Saturday, February 19, 2011

Financial Stress Index Back to Nov. 2007 Level

The St. Louis Federal Reserve updated its Financial Stress Index on Thursday for the week ending February 11, see chart above (data here).  This index measure of the amount of financial stress affecting the markets (explanation here) based on 18 individual variables including seven different interest rates, six interest rate yield spreads, and five measures of market volatility.  According to the St. Louis Fed, each of the 18 component variables in the Financial Stress Index captures some aspect of financial stress in the markets, and the Financial Stress Index incorporates the 18 variables into a single, composite index measure that tracks the amount of overall financial stress in the markets.   

The chart above shows that the St. Louis Fed Financial Stress Index has now returned to the pre-recession, pre-financial crisis levels that prevailed back in the fall of 2007.  The reading for last week of -0.022 was only the second time since the recession started in December 2007 that the index was below zero (it was -0.003 in April 2010), and the lowest index value since early November 2007.  

5 Comments:

At 2/19/2011 10:30 AM, Anonymous Anonymous said...

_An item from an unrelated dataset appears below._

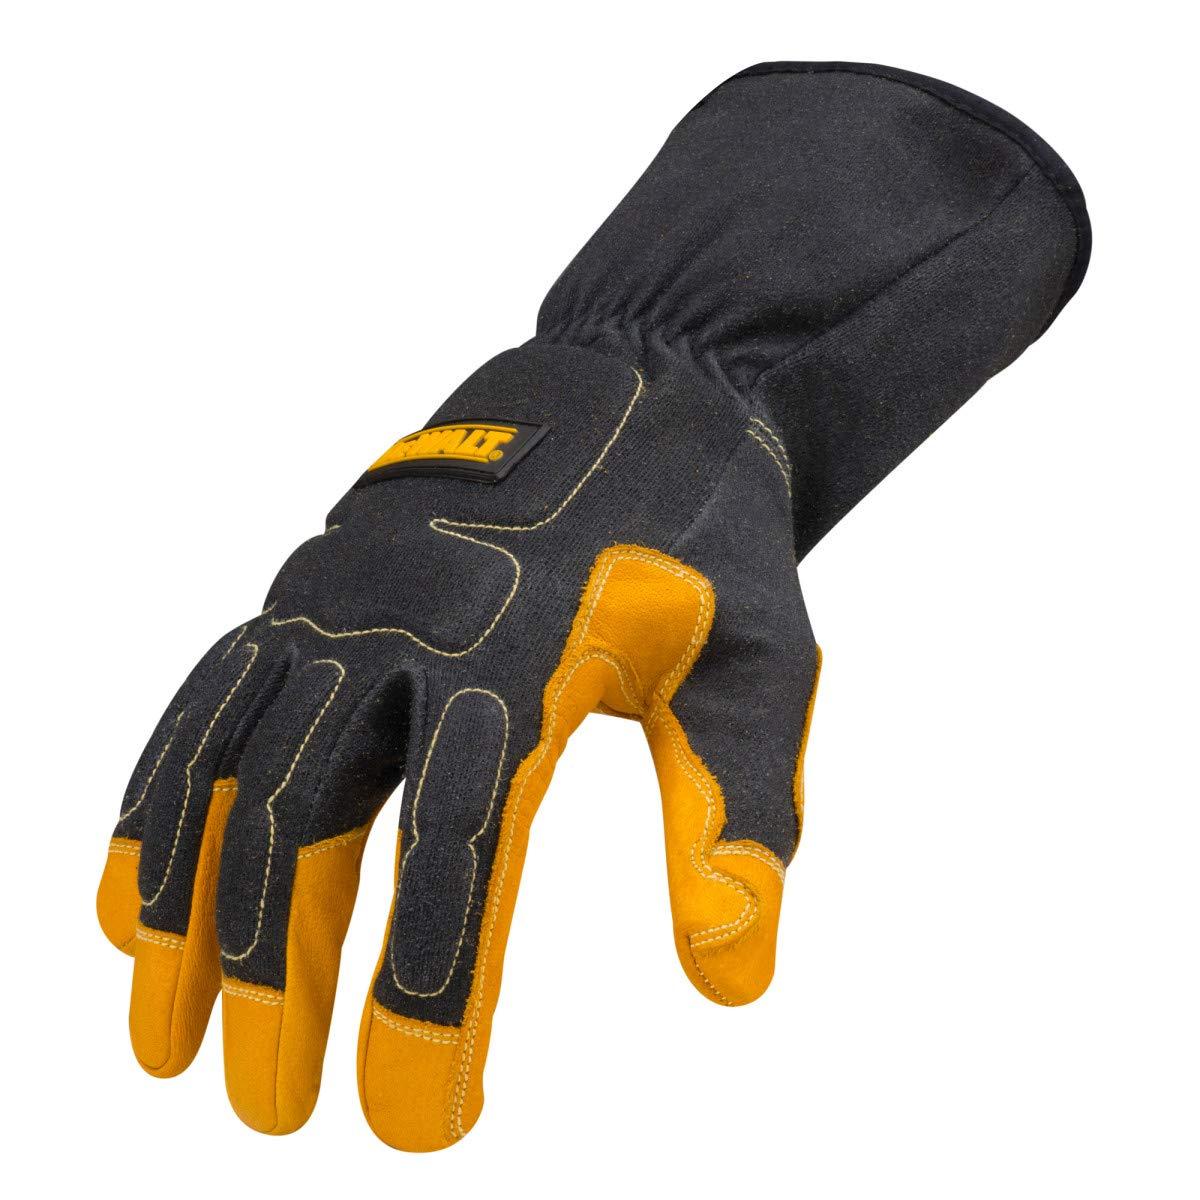 DEWALT DXMF02051XL Premium MIG/TIG Welding Gloves, X-Large by DEWALT (Image #1)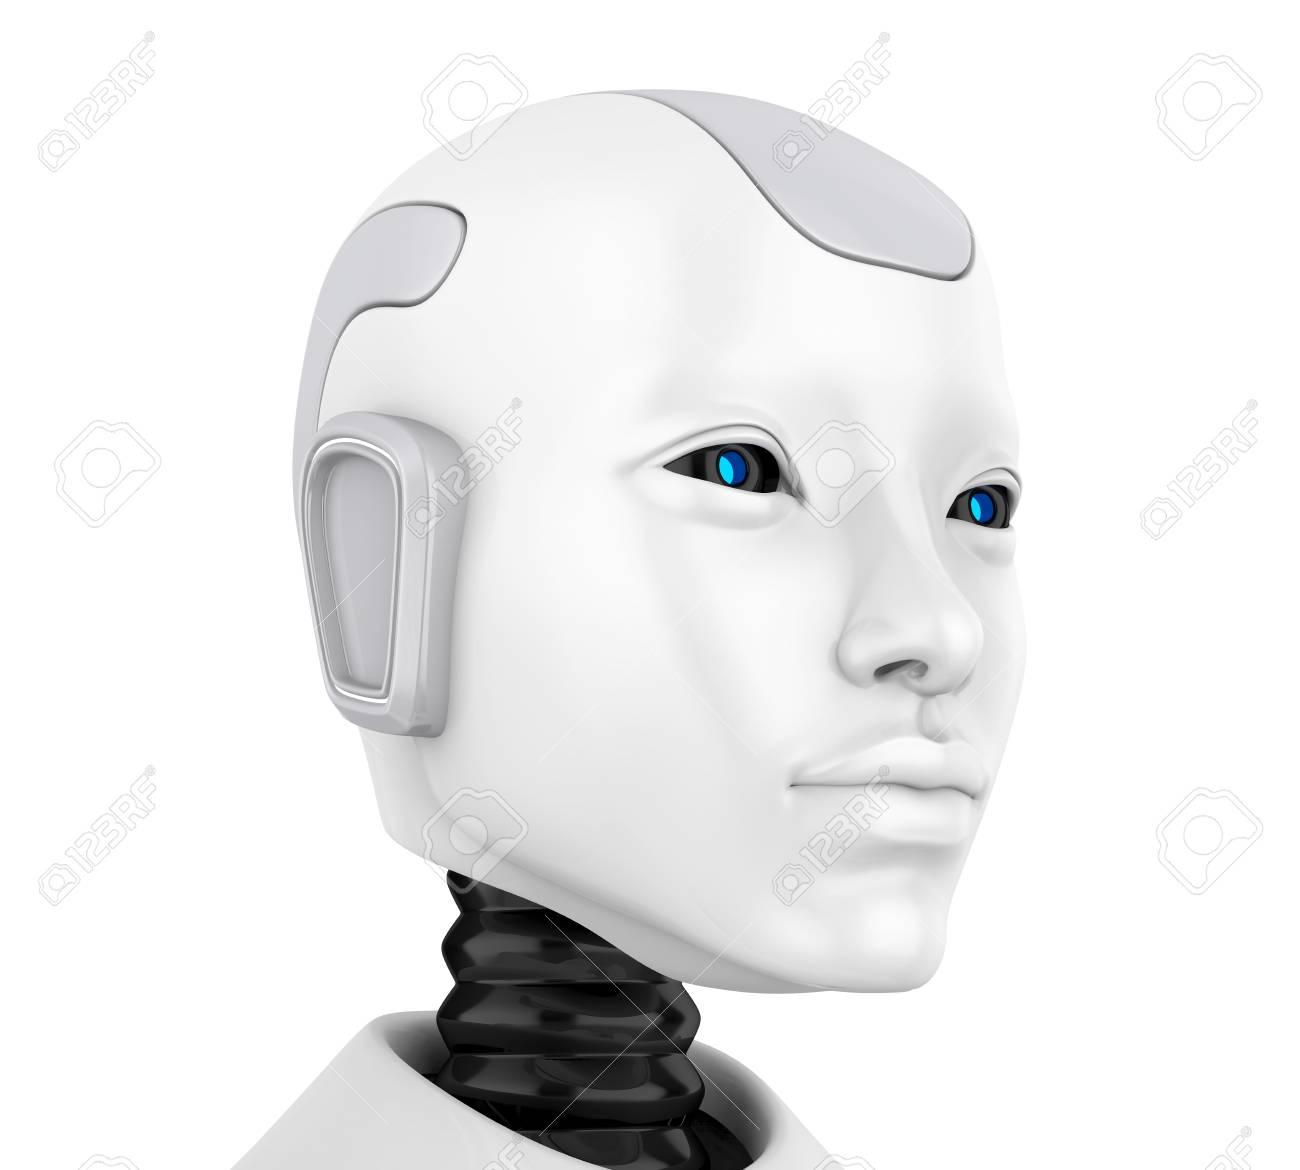 Robot Head Face Illustration - 120082446

“The global size of the derivatives bubble which was calculated last year at USD 190k per person-on-planet, has risen to USD 206k per person-on-planet. The ever rising commitment of governments for the repeated bailouts of financial institutions is partially linked to various flavours of derivatives exposure settlements and “black hole” losses emanating from off-balance-sheet vehicles.”

Indeed, the entire GDP of every single country in the world only amounts to around $60 trillion. How can we ever hope to pay off $1,400 trillion dollars?

We can’t and we won’t. The only way that this $1.4 Quadrillion mountain of debt will disappear is a total and complete collapse of the global economy and its replacement with a new financial system.

Whether that also simultaneously brings down the US dollar and the United States itself as a first world country remains to be seen, but anyone who believes that a few years of austerity can redress the balance is living in cloud cuckoo land.

Once the whole charade starts to unravel, the scenes we saw in Cairo over the last few weeks will look like a walk in the park in comparison to the turmoil that awaits as a result of the derivatives bubble.

 
At 2/19/2011 11:09 AM, Blogger Buddy R Pacifico said...

murosgroup, what is the source for the $1.4 Quadrillion worldwide debt claim? Dervitives and high debt are dangerous but I don't think they are the same thing. The U.S. government debt is really high at $14 Trillion but you are claiming a magnitude of 1000 times this amount for the world.

 
At 2/19/2011 1:50 PM, Blogger morganovich said...

and just look at how well we did the last time we were at this level...

what is this indicator supposed to show?

it sure gave us no real warning last time...

 
At 2/19/2011 4:51 PM, Blogger Methinks said...

Morganovich, maybe it's supposed to show that we have another financial tsunami building.

I don't know what you've observed in the industry since 2007, but I've seen increased moral hazard and further perversions of markets.

 
At 2/20/2011 11:26 AM, Blogger VangelV said...

Once the whole charade starts to unravel, the scenes we saw in Cairo over the last few weeks will look like a walk in the park in comparison to the turmoil that awaits as a result of the derivatives bubble.

I could not agree more. I have no clue why Mark puts so much faith in manipulated statistical numbers that are released by government bureaucrats who have an incentive to always look at the bright side, or to make one up when it does not exist.